So, now I need to add in another constraint. We still don't want customers who made certain purchases in the last 60 days as above, but now also we want to exclude customers who have purchased another particular item, but now within the last 12 months. So, I thought I would add another subquery, as shown below. Now, this has introduced several problems:
Performance - the query, which took a couple minutes to run before, now takes quite a few more minutes to run - in fact it seems to time out....
So, I wondered if there's an issue having two subqueries, but before I went to think about alternatives to this, I decided to test my new subquery by temporarily deleting the first subquery, so that I had just one subquery similar to above, but with the new item = 11 and within the last 12 months logic. And so with this, the query finally returned after a few minutes now, but with zero rows.
Trying to figure out why, I tried simply changing the AND NOT IN (subquery) to AND IN (subquery), and that worked, in that it returned a few thousand rows, as expected.
So why would the same SQL when using AND IN (subquery) "work", but the exact same SQL simply changed to AND NOT IN (subquery) return zero rows, instead of what I would expect which would be my 700 something thousdand plus rows, less the couple thousand encapsulated by the subquery result?
Also, what is the best i.e. most performant way to accomplish what I'm trying to do, which is filter by some purchases made within one date range, AND by some other purchases made within a different date range?

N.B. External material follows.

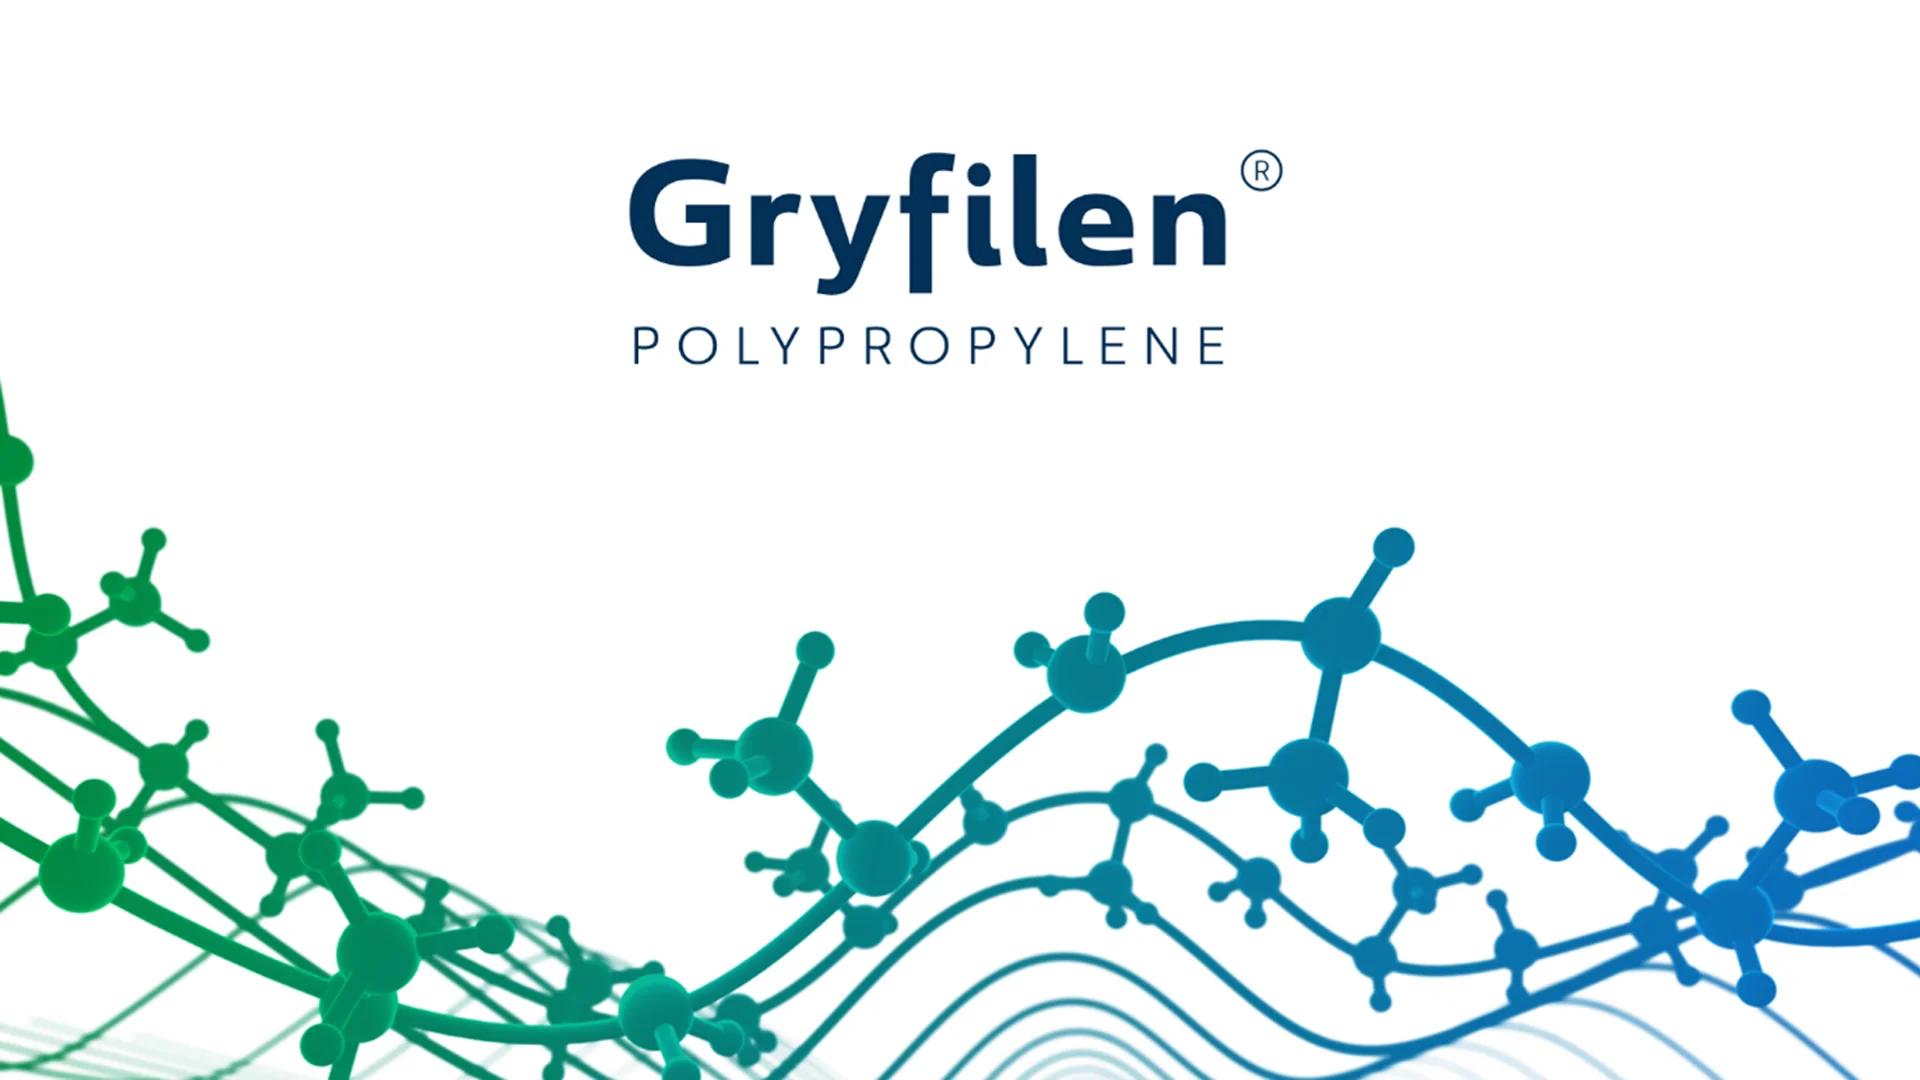 polipropylen pod nazwą Gryfilen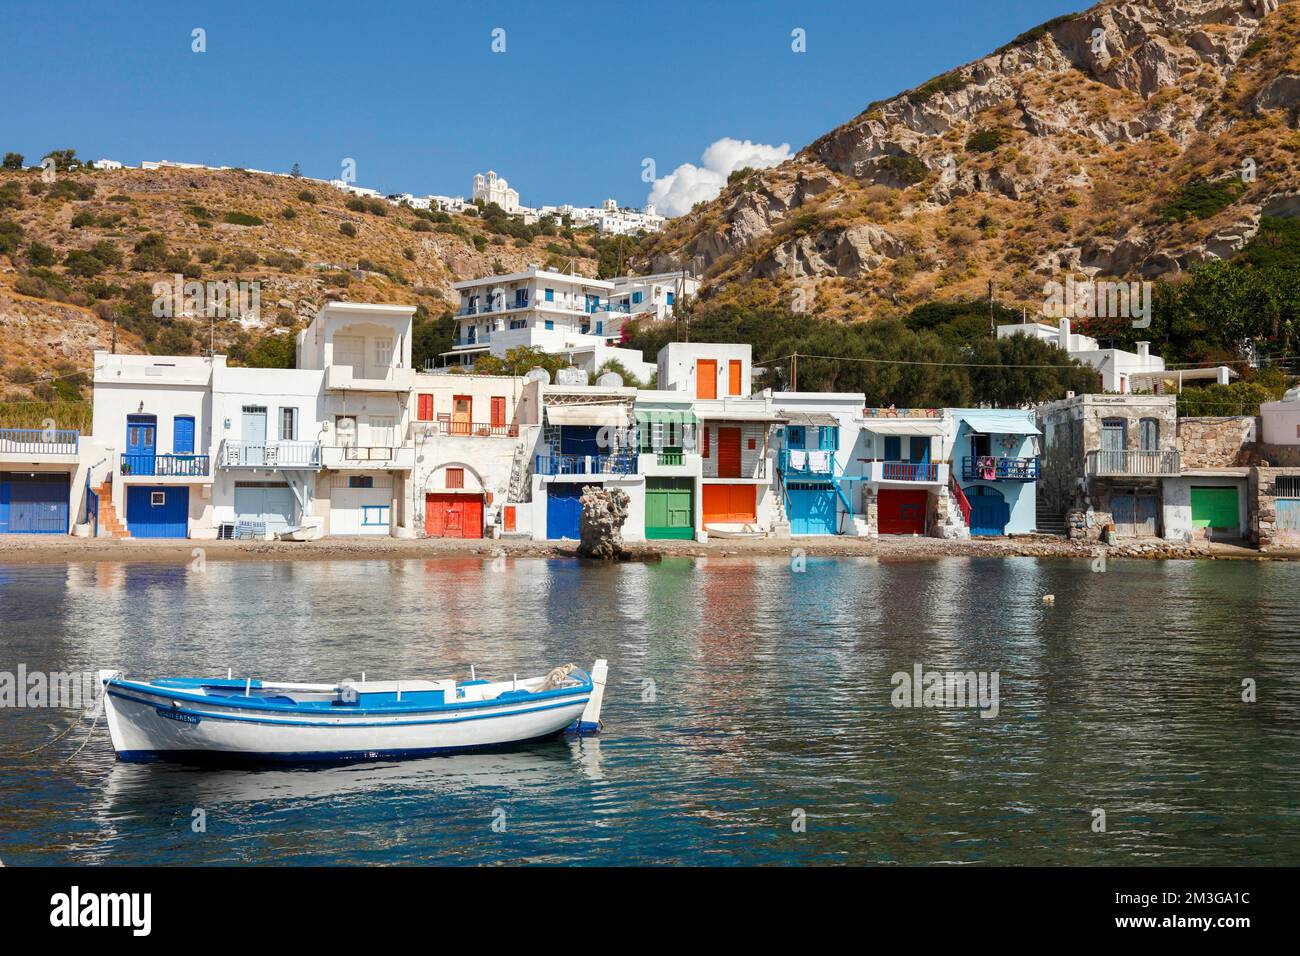 Le pittoresque village de pêcheurs avec les serres colorées de Syrmata dans le petit village de Mandraki sur l'île de Milos, Cyclades, Grèce Banque D'Images

Here's the modified version:
SELECT
DISTINCT $A$.EMAIL_ADDRESS_,
$A$.RIID_,
$A$.FIRST_NAME,
$A$.LAST_NAME,
$A$.EMAIL_PERMISSION_STATUS_
FROM
$A$
JOIN $B$ ON $B$.RIID_ = $A$.RIID_
LEFT JOIN $C$ ON $C$.EMAIL_ADDRESS_ = $A$.EMAIL_ADDRESS_
LEFT JOIN $D$ ON $D$.TRANSACTION_ID = $C$.TRANSACTION_ID
WHERE
$A$.EMAIL_DOMAIN_ NOT IN ('none.com', 'noemail.com', 'mailinator.com', 'nomail.com') AND
/* don't include hp customers */
$A$.HP_PLAN_START_DATE IS NULL AND
$A$.EMAIL_ADDRESS_ NOT IN
(
SELECT
$C$.EMAIL_ADDRESS_
FROM
$C$
JOIN $D$ ON $D$.TRANSACTION_ID = $C$.TRANSACTION_ID
WHERE
/* Get only purchase transactions for certain item_id's/SKU's */
($D$.ITEM_FAMILY_ID IN (3,4,5,8,14,15) OR $D$.ITEM_ID IN (704,769,1893,2808,3013) ) AND
/* .... within last 60 days (i.e. 2 months) */
$C$.TRANDATE > ADD_MONTHS(CURRENT_TIMESTAMP, -2)
)
AND
$A$.EMAIL_ADDRESS_ NOT IN
(
/* get purchase transactions for another type of item within last year */
SELECT
$C$.EMAIL_ADDRESS_
FROM
$C$
JOIN $D$ ON $D$.TRANSACTION_ID = $C$.TRANSACTION_ID
WHERE
$D$.ITEM_FAMILY_ID = 11 AND $C$.TRANDATE > ADD_MONTHS(CURRENT_TIMESTAMP, -12)
)
;
Thanks for any ideas/insights. I may be missing or mis-remembering some basic SQL concept here - if so please help me out! Also, Responsys Interact runs on top of Oracle - it's an Oracle product - but I don't know off hand what version/flavor. Thanks!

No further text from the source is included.